Github user srdo commented on the issue:
https://github.com/apache/storm/pull/2454
This PR doesn't actually fix the issue reported in STORM-2847. The problem
is that we can't commit offsets for partitions the consumer is not assigned.
We've previously assumed that the spout was assigned every partition it had
offset managers for, but this isn't true when reactivating a deactivated spout.
When we reactivate a spout, the consumer has no assigned partitions when
onPartitionsRevoked is called initially.
It doesn't seem ideal that we unconditionally commit offsets for all
partitions we have offset managers for, when the onPartitionsRevoked method
parameter tells us which partitions were assigned previously.

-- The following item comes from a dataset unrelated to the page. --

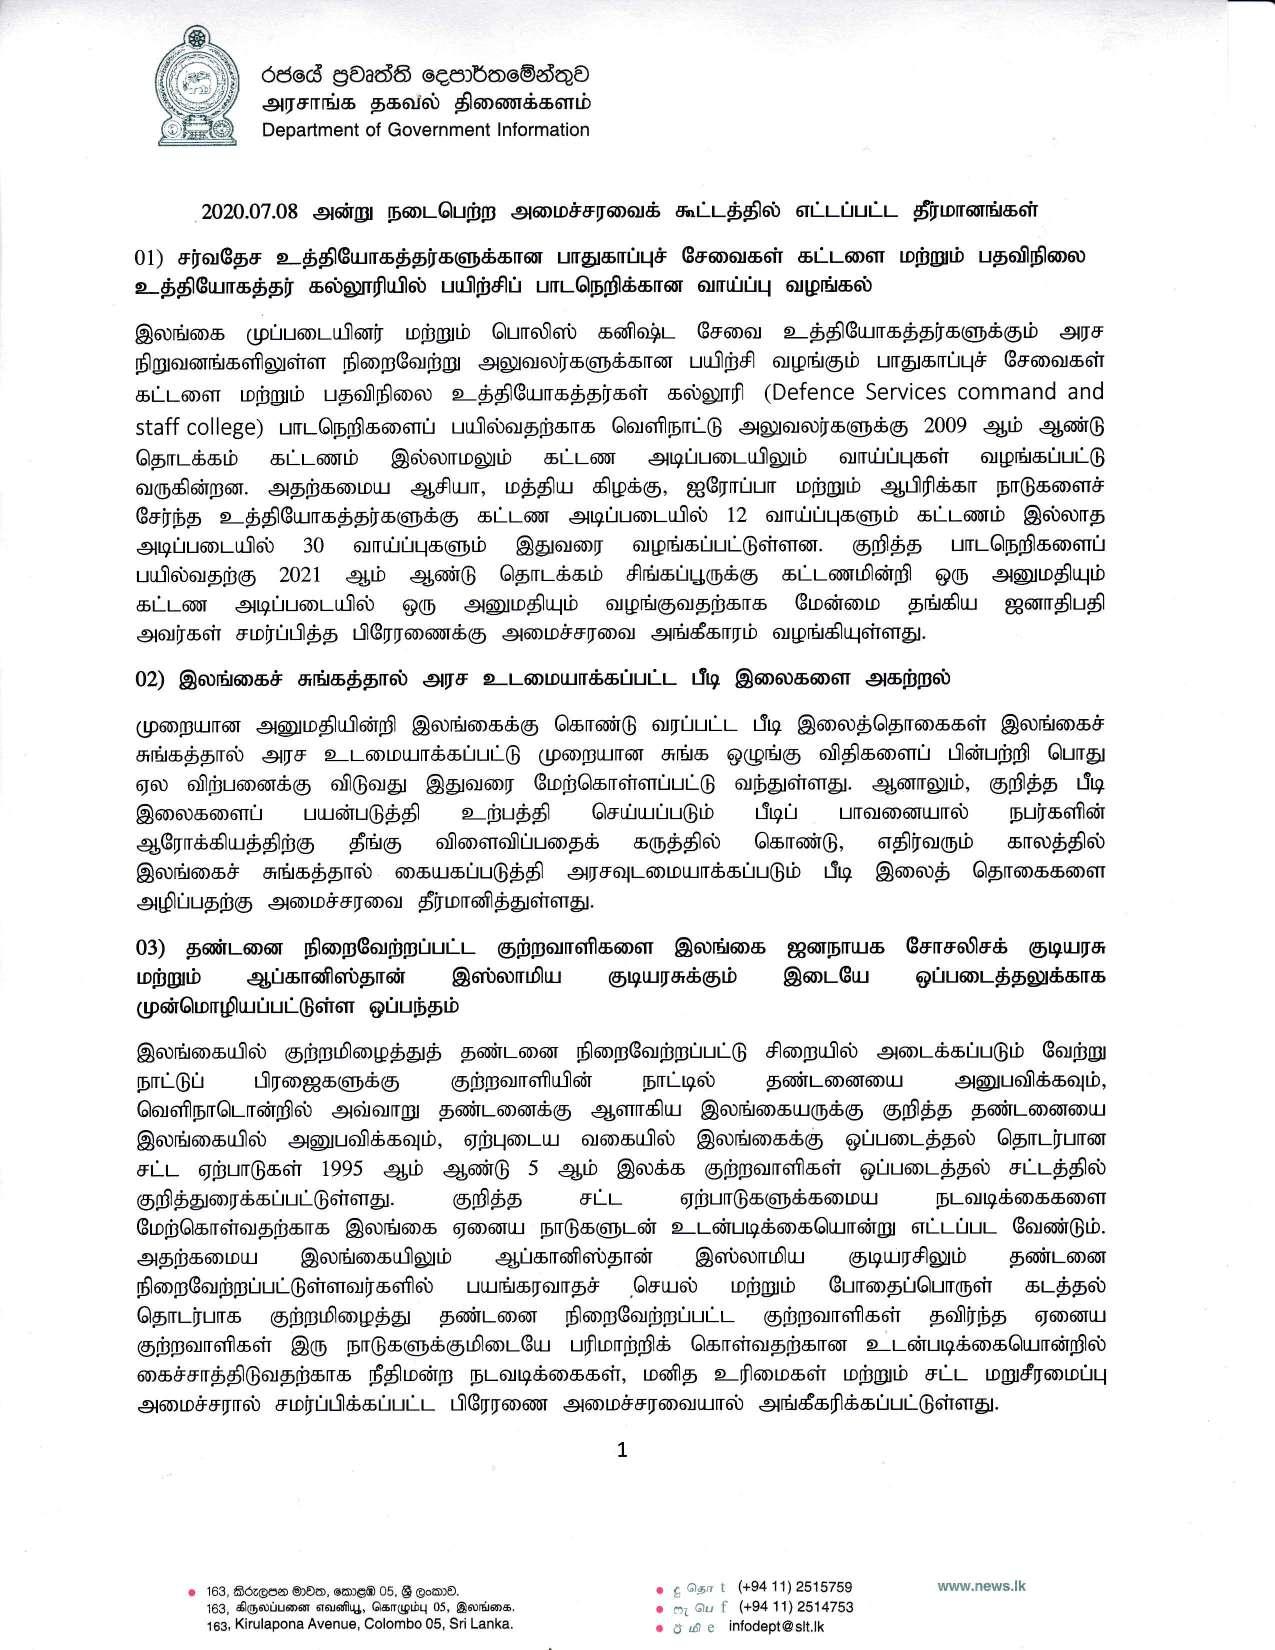 Cabinet Decision on 08.07.2020 TAMIL page 001
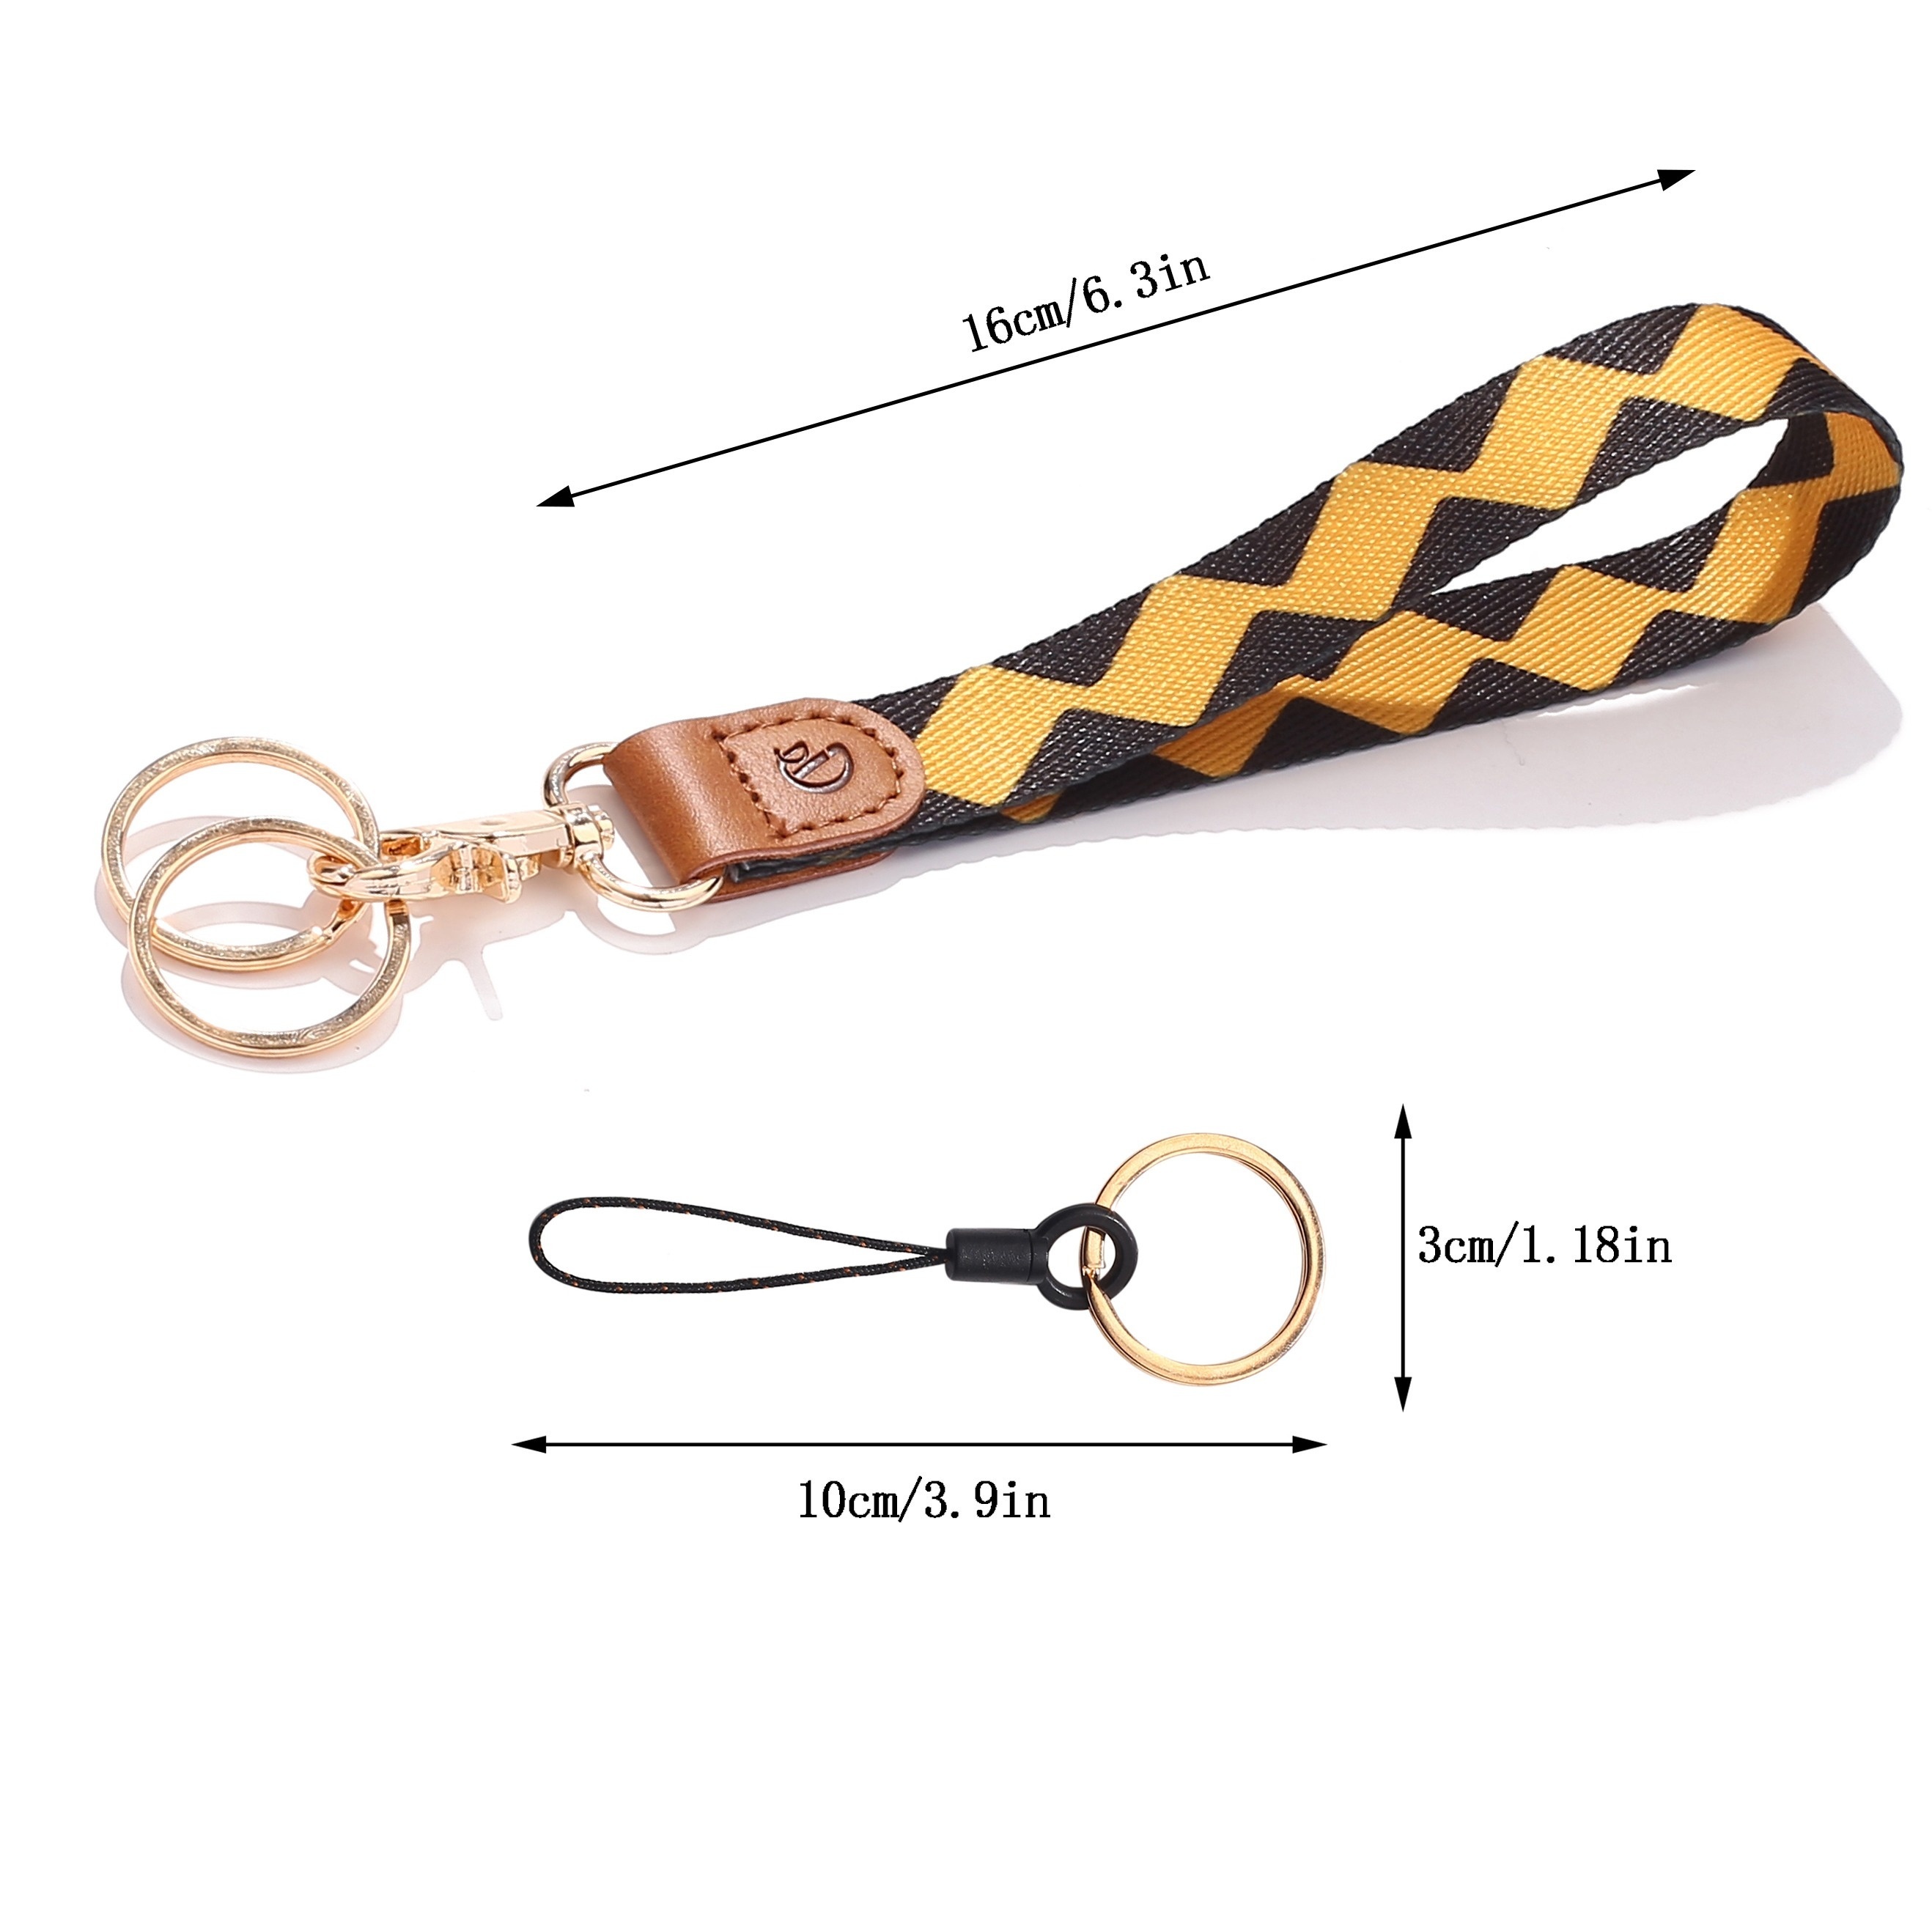  MNGARISTA Lanyard for Keys, Cool Neck Strap Key Chain Holder,  Long Lanyard for ID Badges Wallet : Office Products

I'll close this and reopen once the issue is fixed. My immediate ideas
would be these:
* Put KafkaConsumer instantiation in open(), keep the same consumer for the
lifetime of the spout: Benefit is that it's easy to "get right". Drawback is
that if you deactivate a spout in order to e.g. update a committed offset with
the scripts Kafka ships with, when you activate the spout it will resume from
where it was, not from the new committed offset. Maybe it is better if
deactivate/activate behaves the same as if the spout had restarted (e.g. as it
would if the worker crashed). Also the consumer remains open while the spout
isn't running.
* Wipe internal spout state when deactivating, including OffsetManagers:
Benefit is that the spout behaves as if it had been restarted when reactivated,
drawback is that some acked tuples that couldn't be committed when the spout
was deactivated may be unnecessarily replayed in at-least-once mode, e.g. if
offset 0-2, 4-5 had been acked before deactivating, 4-5 couldn't be committed
and would be replayed.
* Do a quick hack and make ManualPartitionSubscription only call
onPartitionsRevoked if the assignment wasn't empty.
I'd appreciate your thoughts on which of these proposals you prefer (or if
you have other ideas). Sorry about the partial PR.
---